WORK TO COMPLETE: Word for word, restate the data that follows, omitting the images.

SOURCE DATA:
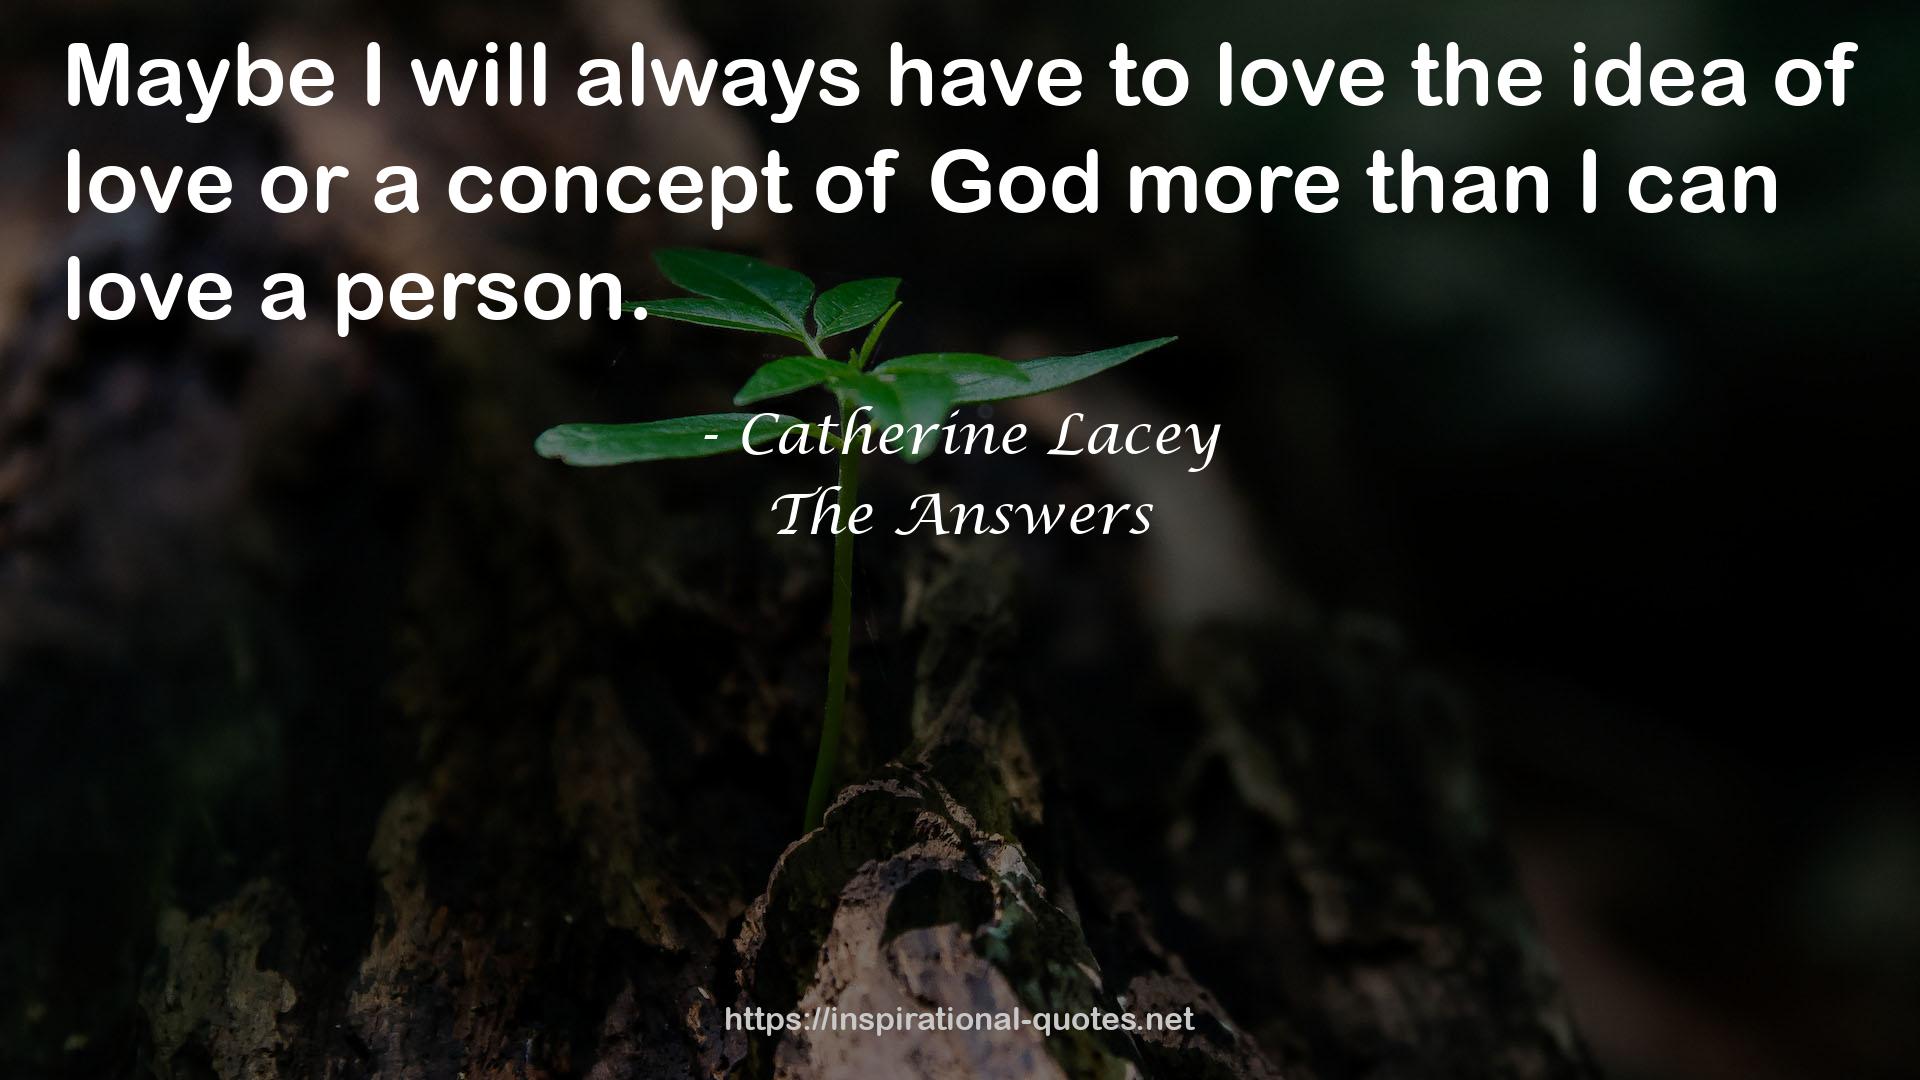 Catherine Lacey QUOTES
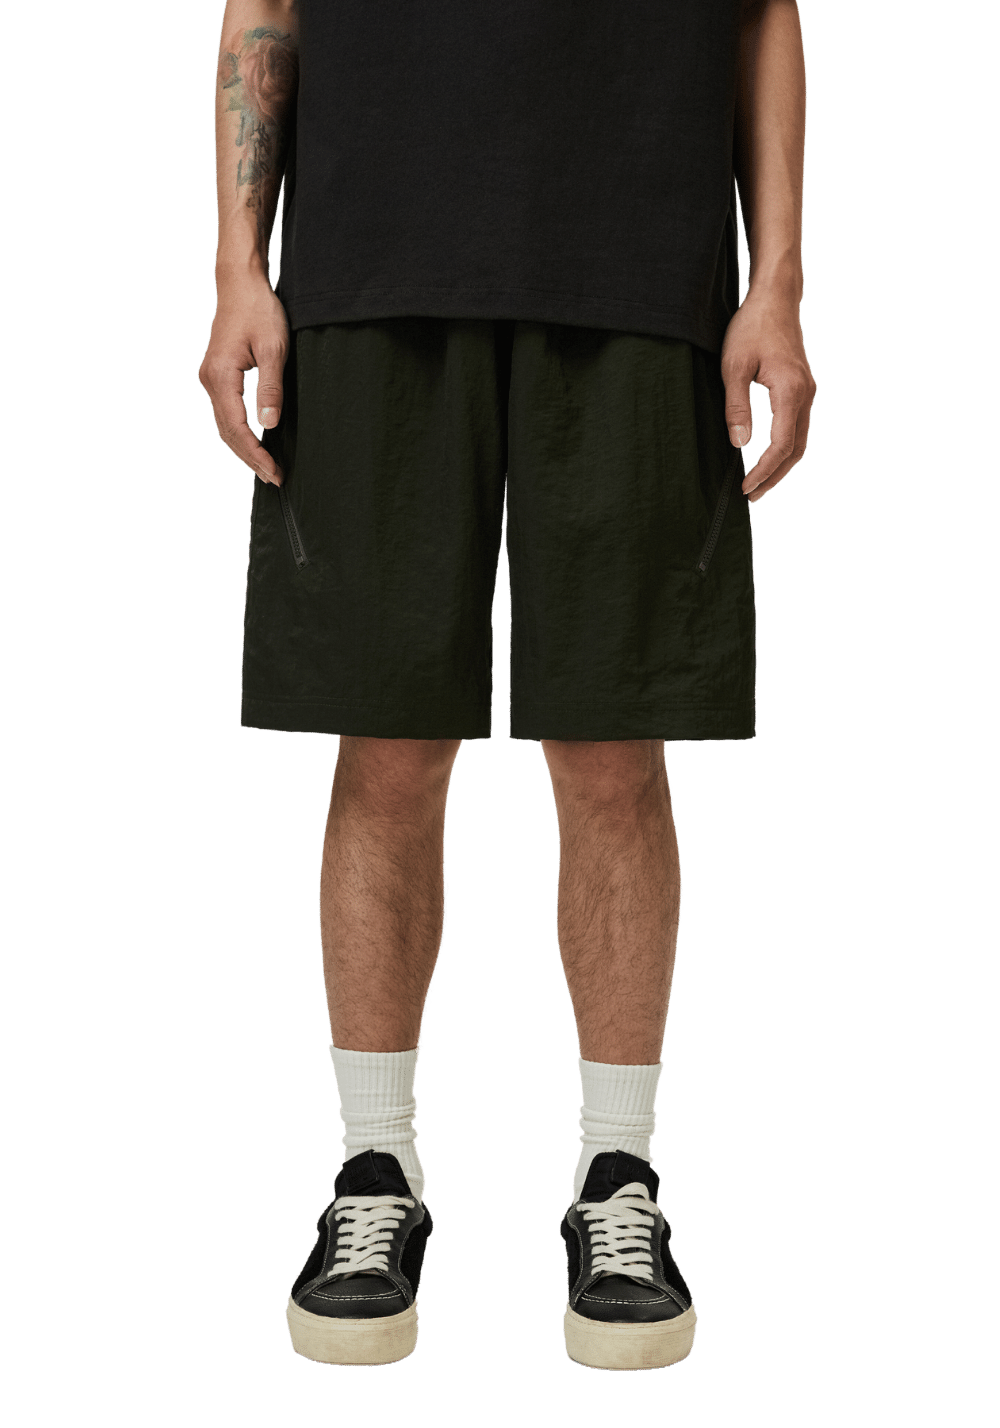 Curved Zip Track Shorts - PSYLOS 1, Curved Zip Track Shorts, Shorts, Boneless, PSYLOS 1
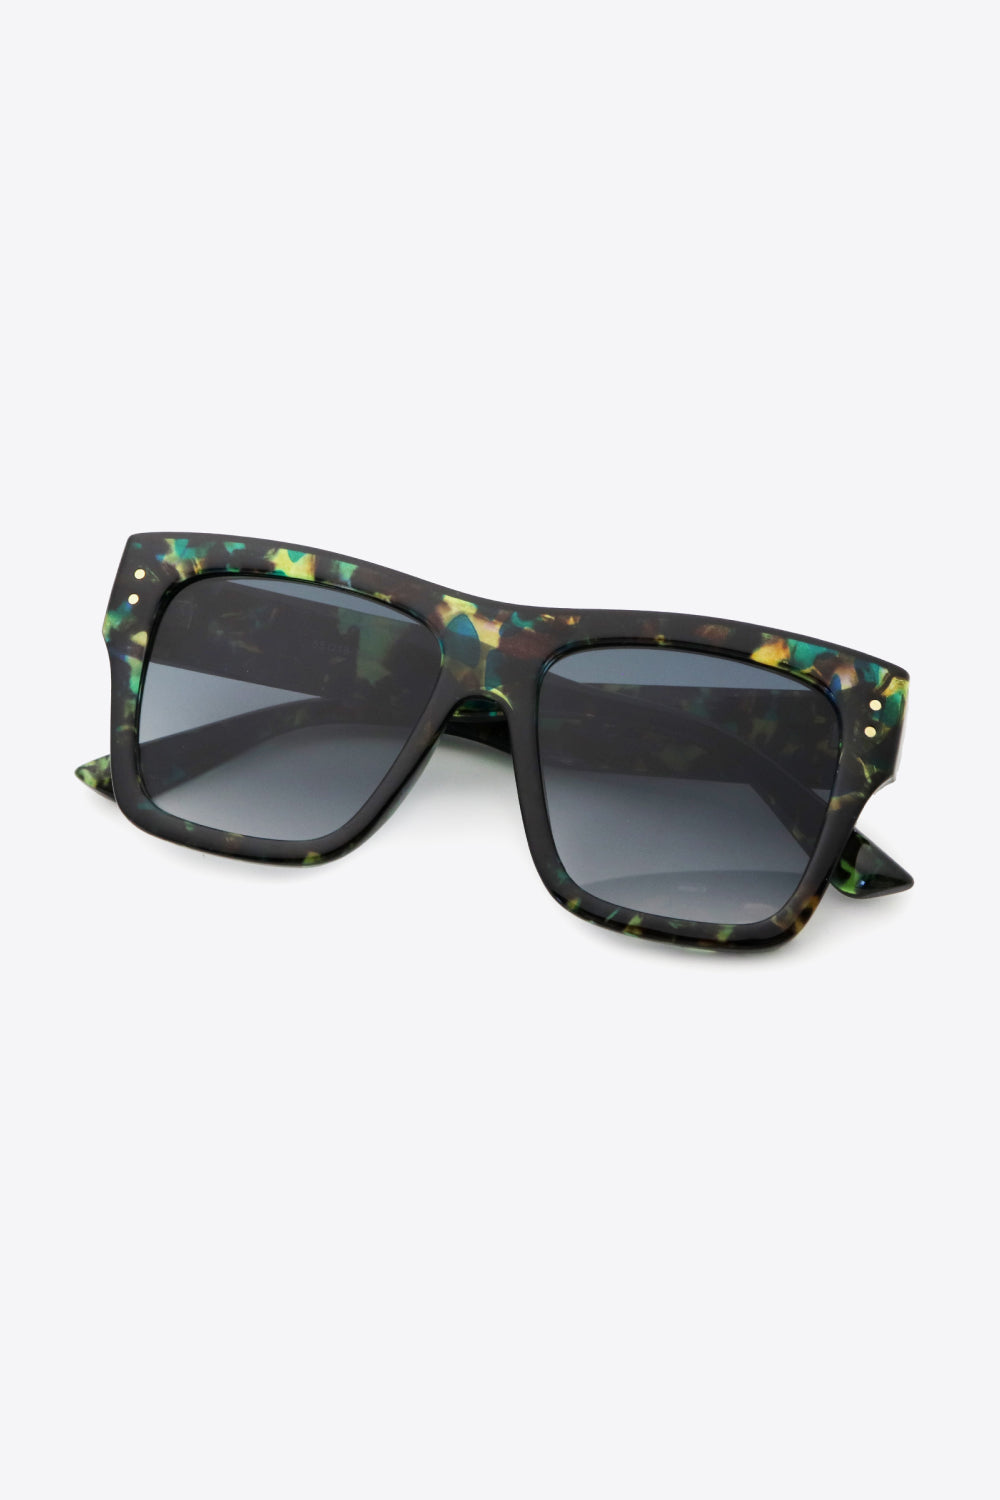 UV400 Patterned Polycarbonate Square Sunglasses Print on any thing USA/STOD clothes

EXPECTED ANSWER:
 Catherine Lacey QUOTES
 Curved Zip Track Shorts - PSYLOS 1, Curved Zip Track Shorts, Shorts, Boneless, PSYLOS 1
 UV400 Patterned Polycarbonate Square Sunglasses Print on any thing USA/STOD clothes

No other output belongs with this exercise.